My home Proxmox VE server, running in an unexpensive mini PC

And here’s where the Raspberry Pi came to my mind. I have several ones acting as home media players, and indeed I bought a Raspberry Pi 4 around one year ago to take advantage of its improved network bandwith and computing power to install several TV tuners, a VPN server and other services I already had in a Raspberry Pi 3. Since now I have the mini PC to host most of the most demanding home services, I thought that it could be funny to use a Raspberry Pi 4 to virtualize full OS-level containers. Finally, to my surprise, the procedure is quite simple. Here’s how I did it.

What you’ll need

  1. A Raspberry Pi. I normally use a Raspberry Pi 4 with 4GB of RAM for this setup, and it works flawlessly, but older models also work at the cost of being slower. I tested this tutorial with a Raspberry Pi model 3.
  2. An SD Card. I recommend one of at least 64GB of capacity or bigger. An external hard drive/thumb drive/network drive may also be used, but it will have to be permanently connected.
  3. A wired ethernet connection. It is not possible to use the wifi interface of the Raspberry Pi to create a network bridge to expose the OS containers publicly.
  4. A DHCP server in your network which assigns free IPs when new devices request them. Any common home network will have a DHCP server activated by default.

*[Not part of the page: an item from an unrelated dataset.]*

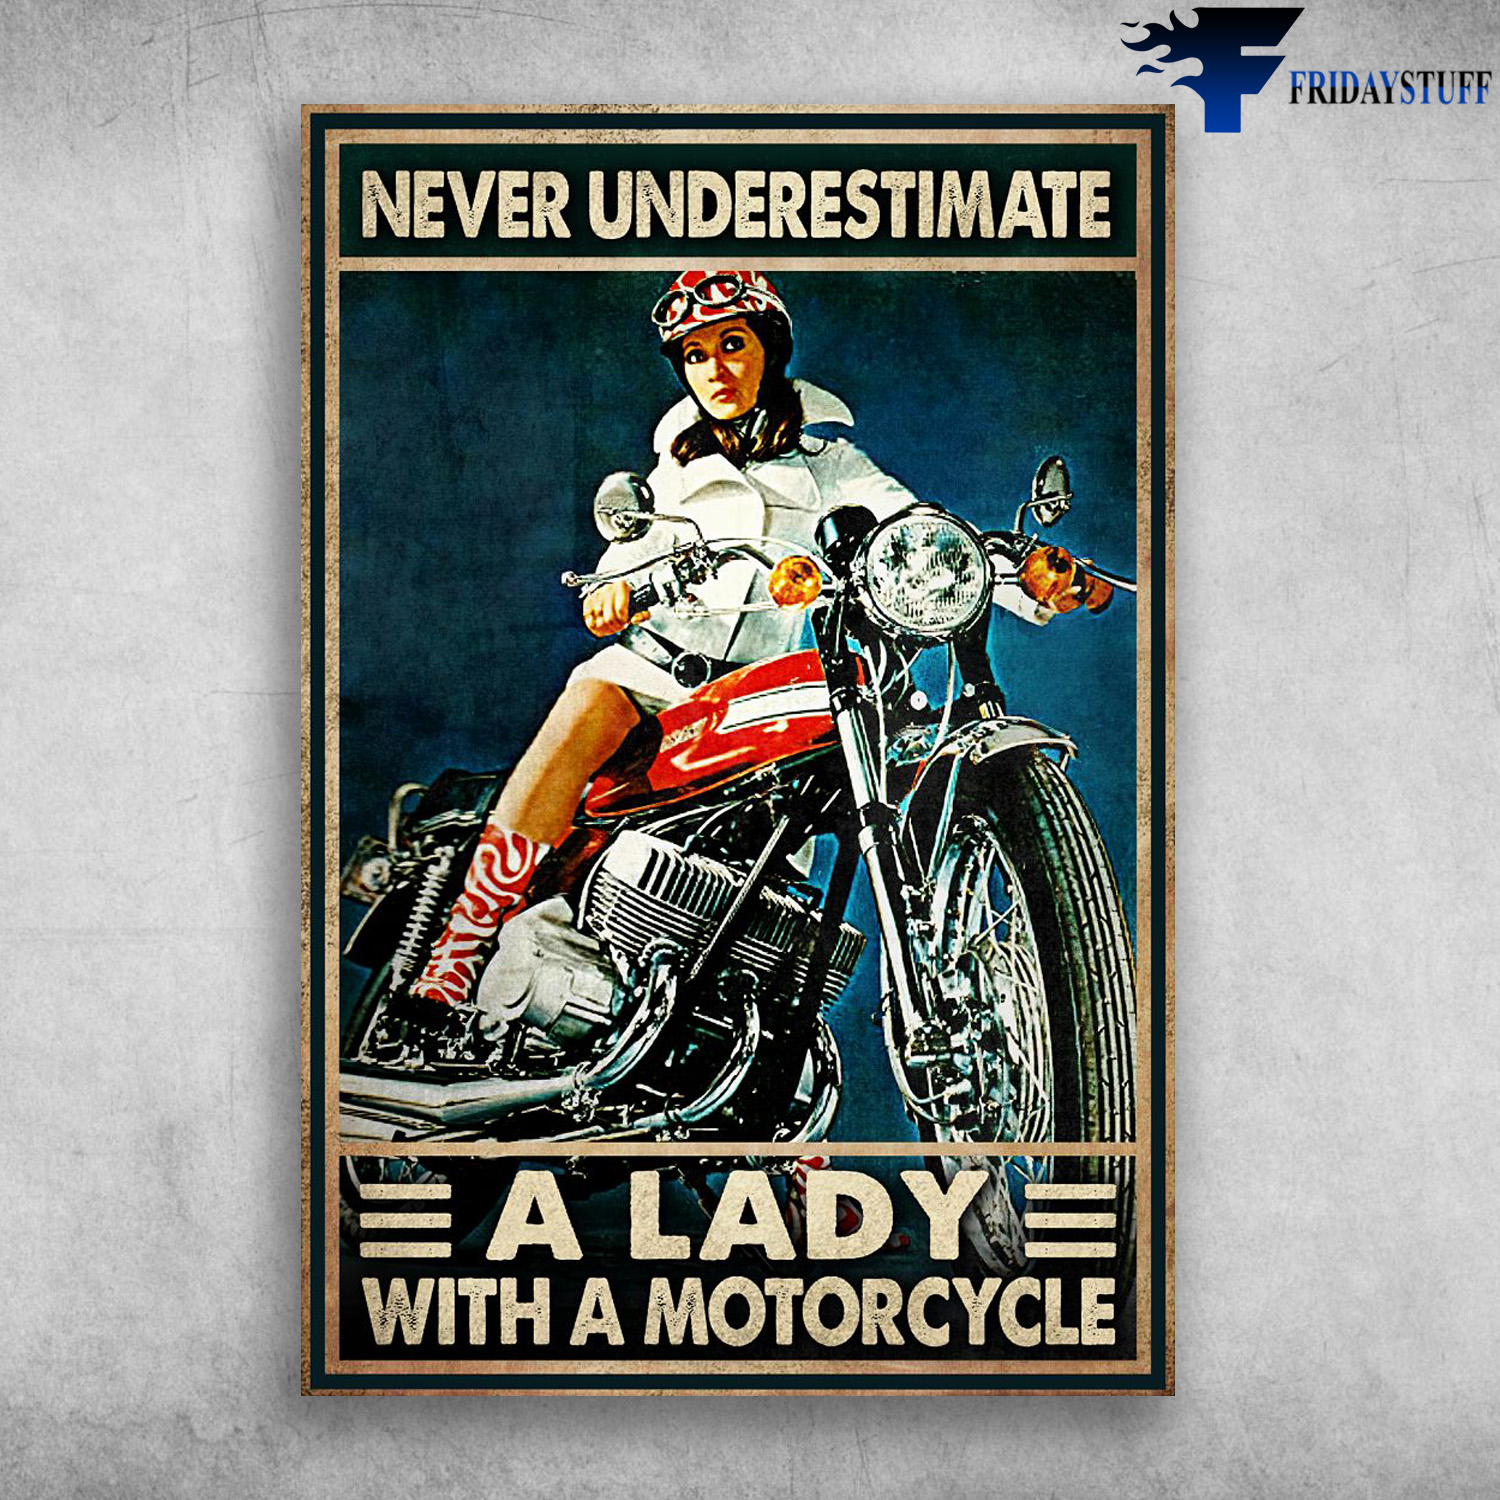 Lady Riding Motorcycle - Never Underestimate, A Lady With A Motorcycle

NOTE: If you are limited to use only your wifi connection, OS containers can connect to the network via NAT; and can be accessed from the network via a proxy device. In such a case, forget about point number 4 above, and skip all the bridge-related stuff below (but then, where’s the fun?).

First step: Install Raspbian (Buster) in an empty SD card

To install Raspbian in an SD card, you can use the Raspberry Pi Imager. The process is really easy. Remember that the contents of the SD card will be lost!

I recommend using a bare minimum system for this setup. To install it:

  1. Select “Raspberry Pi OS (other)”.
  2. Select “Raspberry Pi OS Lite (32-bit)”.
  3. Select the SD Card where you want to install the system.
  4. Click on WRITE.
  5. Once the process is done, the SD card is unmounted and can be removed from the reader.

TIP: Remember that if you want to do the next configuration steps via SSH, you must insert the SD card again, and you must create an empty ssh file in the boot partition.

TIP: By default, you should be able to connect to your Raspberry Pi using the raspberrypi.local domain name if no other device in the network uses the same name and your system support the mDNS protocol (such as Windows 10, or Linux if avahi-daemon is running).

Second step: Prepare the system and create a network bridge

Insert the SD Card in the Raspberry Pi and open a terminal console.

TIP: Remember that the default user / password of Raspbian are pi / raspberry. I strongly recommend you to change this default password to one of your liking ASAP.

TIP: At this step and before continuing, you may want to configure some initial stuff of the system, such as the time zone, the keyboard layout, or the network name. All these functions are available via the raspi-config utility. If you are using any kind of external storage, this is the moment to configure it too.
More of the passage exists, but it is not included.